The scanner also utilises two different laser functions. One can measure the grain angle or slope of the grain. This is a determining factor in structural grade analysis. The other allows each board to be accurately measured for width and thickness and for damaged or missing edges (want & wane). There are limitations within the structural grade rules around these measures. Splits, cracks, voids, gum pockets etc., are also detected.
A significant advantage of measuring this ‘missing’ wood is in our truss web production. Timber grade allowance is usually more liberal than what is required in nail plate specifications. All our F7 grade truss webs now meet the nail plate tolerances on the ends where they will be plated but can have the timber grade allowance in the centre portion. This difference is not highly visible but important when we commit to offering a ‘fit for purpose’ product.
Components used in furniture manufacture benefit from being scanned this way to avoid problems when they are eventually upholstered or exposed to mattresses, so tearing of fabric is eliminated.

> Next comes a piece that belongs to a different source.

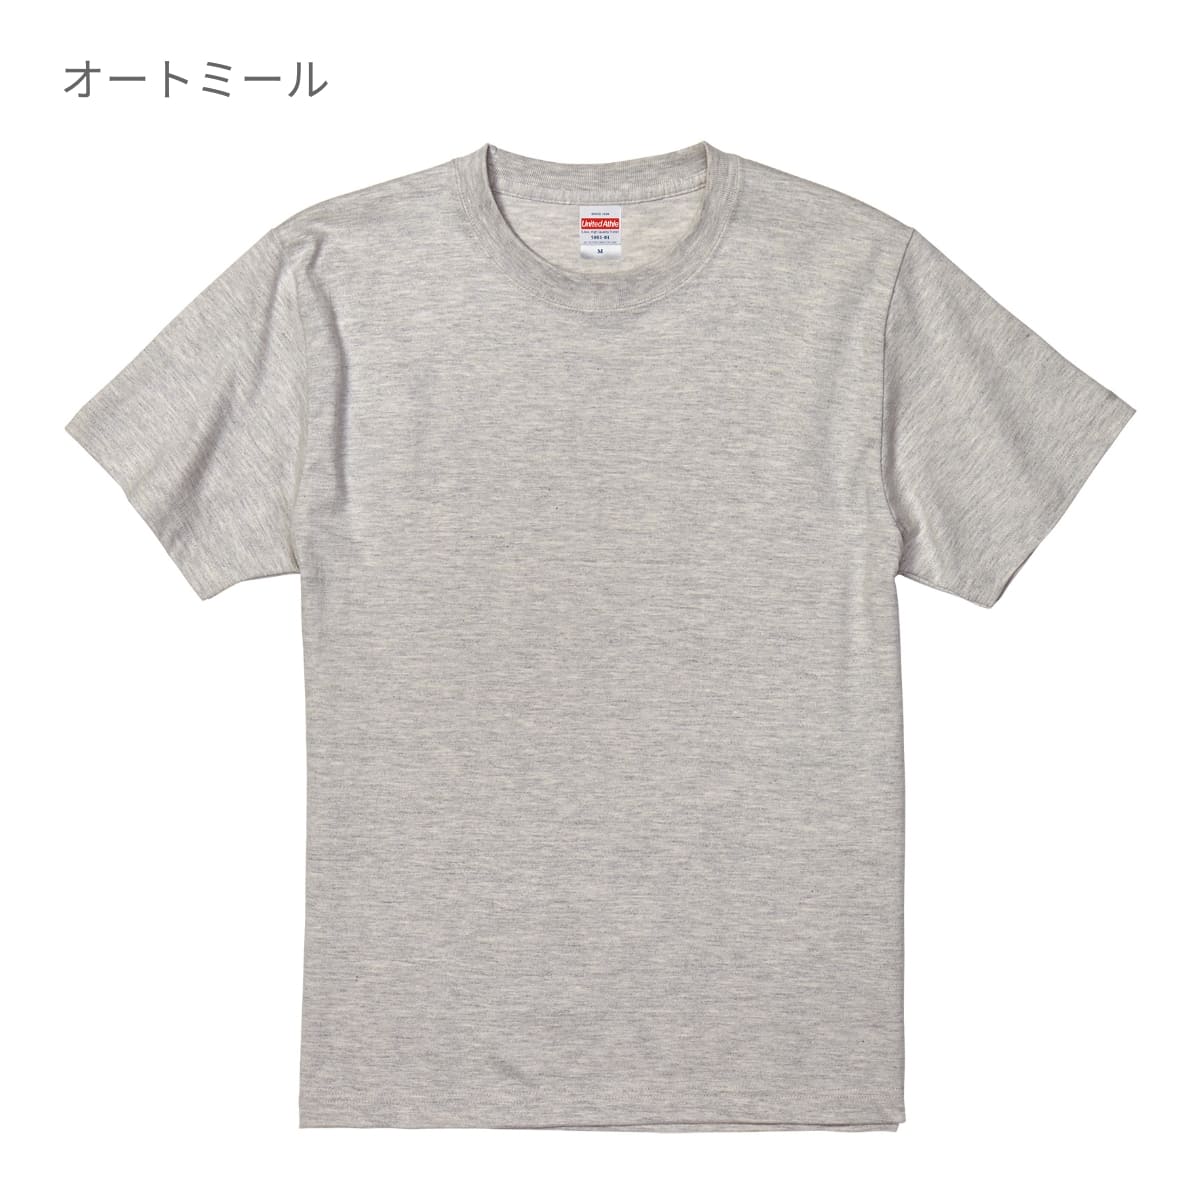 5.6オンス ハイクオリティーTシャツ | ビッグサイズ | 1枚 | 5001-01 | ヘイジーグリーン

Two different cameras take constant images along each board. One takes a colour image, and the other is black & white. Interestingly it is the black & white image that can offer significant information. Knots and other defects can be identified, measured and assessed more accurately. The colour image generally lets us know what the board looks like when the customer requires an appearance criteria.
By knowing all the above information, the optimisation software will determine how the saw will cut each infeed board. Any component used in the final application that will be nailed or plated on the ends can be cut defect-free in the ‘end zone’. Great for truss webs, as mentioned, but even better for wall nogs or truss trimmers where a nail will be shot into the end grain. Our nogs/trimmers can be ordered with this quality. Although usually a very utilitarian-looking component, it is now truly ‘fit for purpose’. Think about the reduced risk of injury in the fabricator’s plant or the carpenter using nogs as a ladder on-site.
Furniture components where holes or T-nuts will be inserted at some specific point on the board can be nominated so defects will not be located in the critical sections. Likewise, a consideration for a point load can be accommodated in structural components.
This type of scanning technology is used in some of the major sawmilling operations in Australia. None other, though, is used for preparing and producing the wide range of components where actual customer specification is required.